Дом дяди Муслима тоже в квартале Гавкуш. Место это осталось ему от моего прадеда, отца бабушки. Двор у него большой, но дом и постройки низенькие, невзрачные. Во дворе на берегу арыка каждое лето цветут два куста чайных роз, ночные красавицы, петушки, шаровидный базилик.
Я часто бываю у дяди. На внешней половине двора у них растет старая тенистая яблоня. Каждый год она родит уйму кисло-сладких яблок, правда, червивых.
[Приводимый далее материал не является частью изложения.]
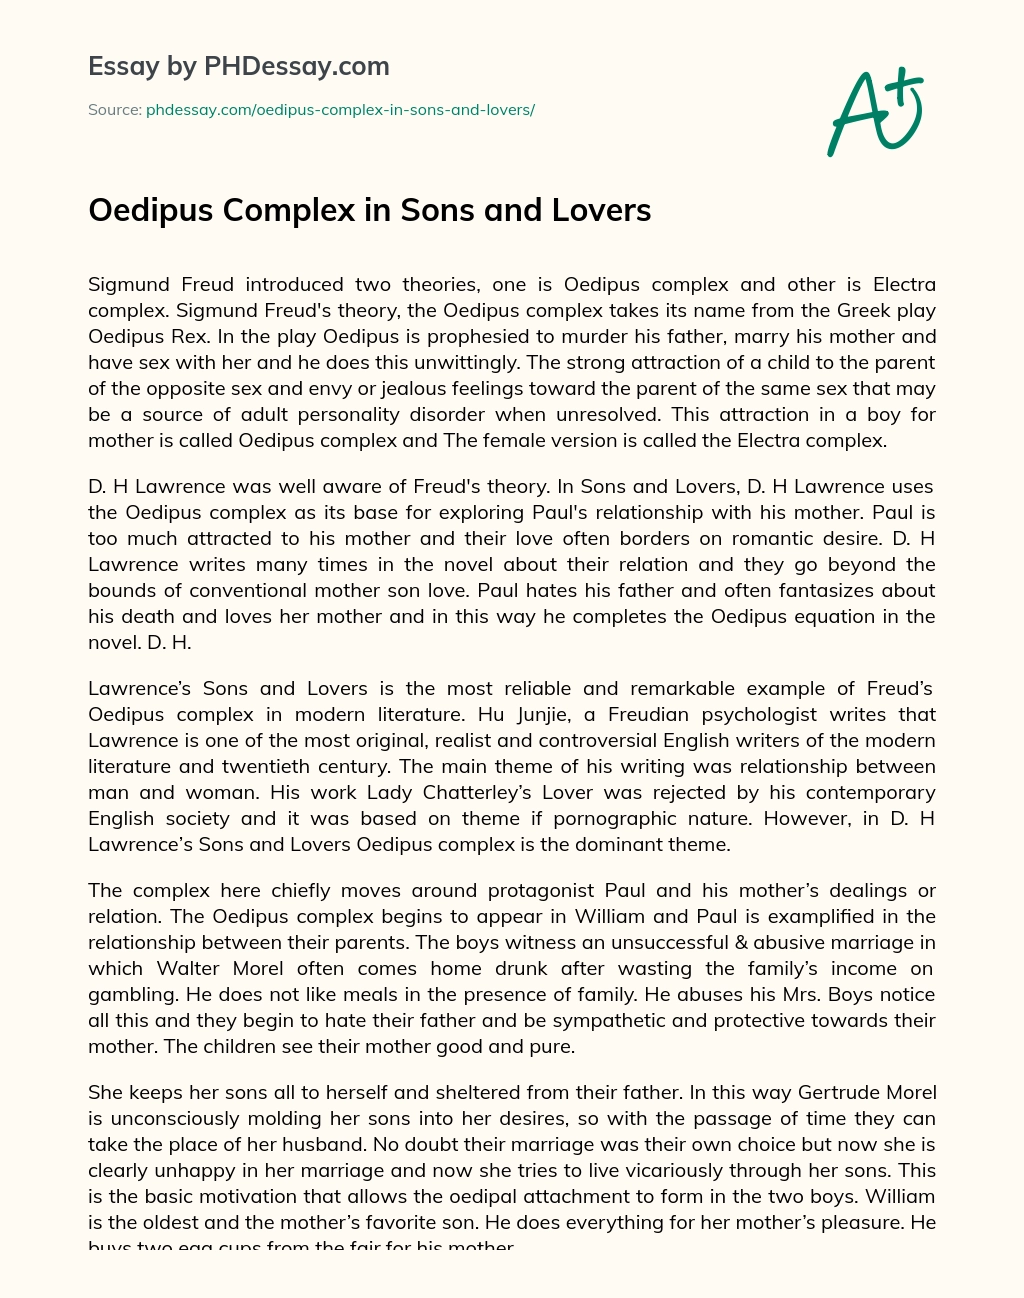 Oedipus Complex in Sons and Lovers essay

В такую пору я часто там бываю и возвращаюсь с полным подолом яблок.
Дядя Муслим берет свисающую из-под тюбетейки уже увядшую веточку базилика и протягивает ее Каромат:
— На, понюхай, свет мой. Это базилик, райская травка…
Сестренка с легкой улыбкой принимает подарок.
— Как ваши дела? Когда вернулись из Заркента? — спрашивает бабушка.
— Изворачиваемся кое-как, скитаемся в заботах о пропитании. Вот в город прибыл, два дня назад, — поглаживая бороду, степенно отвечает дядя.
Дядя Муслим ведет мелочную торговлю в Заркенте. Говорят, в лавке у него можно найти все, начиная от ниток-иголок и кончая ночными горшками и Камышевыми трубочками под зыбки младенцев. Есть у него старая скрипучая арба и костлявая запаршивевшая лошаденка, которая никогда не видит зерна и постоянно довольствуется сеном да палыми листьями. Дядя до смерти прижимист и скуп. Эта особенность его характера известна всем и служит предметом постоянных насмешек.
Бабушка, поговорив о том, о сем, начинает жаловаться:
— Вот уже семь месяцев от Таша никаких вестей. Рис кончается, маш кончается, в хумах дно уже завиднелось. Чуточку пшеницы осталось, вот и все наши запасы. Невестка с внучкой тесьму ткут на продажу, тем и кипятим котелок. Таш лишь изредка пришлет три — четыре рубля, и опять ни знака от него, ни признака. Забот-печалей много у меня, Муслимджан.
— Не огорчайтесь, потерпите. У Таша малость долгу есть, вот разделается он, тогда и заживете спокойно. Он щедрый человек… — говорит дядя, покачивая головой.
— Да пошлет ему аллах удачи и преуспевания в делах его! Пусть после меня долго живет он, детей своих растит, — со слезами говорит бабушка.
Они долго беседуют о всякой всячине. Дядя, заговорив о жене, тетушке Хайринисо, болезненной женщине, уже не поднимающейся с постели, жалуется:
— Все ей нездоровится. Измаялся я уже из-за ее болезни. И сама она в лучинку высохла. То требует муллу злых духов изгонять, то ворожею зовет. Канители столько, — говорит он и машет рукой: — Э-э…
Бабушка вздыхает.
— Жена твоя хорошая женщина. Извелась она от заботы, детишек ради старалась. Ты с ней по-доброму, по-хорошему. Хворь у нее тяжкая, пощедрей будь, Муслим-джан, не скупись…
Мать приносит кипящий самовар.
Бабушка достает хлеб, сахар, изюм. Беседуя, они долго пьют чай.